Boe Jingles
Boe Jingles

Reputation: 595

PHP Parsing String of HTML

thanks for taking a second to look at this. I'm using a PHP script to get the source code of a page from a URL, and then I am attempting to parse it and display a certain part text. The problem appears to be that when I get the source for the link (with:

$data = file_get_contents($link);

) the variable $data stores it as HTML and not as just a string. I'm pretty new to PHP so I'm not 10% sure if that's the case, but I do know that if I try to display $data in any way it displays not as plain text but as HTML with HTML formatting.

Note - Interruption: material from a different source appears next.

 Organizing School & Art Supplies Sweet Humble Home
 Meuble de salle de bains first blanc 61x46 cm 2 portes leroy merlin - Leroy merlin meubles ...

Ordinarily this wouldn't be an issue but I am trying to get the value of something inside an HTML tag, like this:

$search = strpos($data, $searchterm);

and because it is either stored as HTML instead of as plain text or it is treated that way, strpos() will only search through the text that would be displayed if I loaded the page.

To be more specific, in my file (YouTube data about my account) it would only look at what would display if it were to be loaded as HTML, which is pure nonsense.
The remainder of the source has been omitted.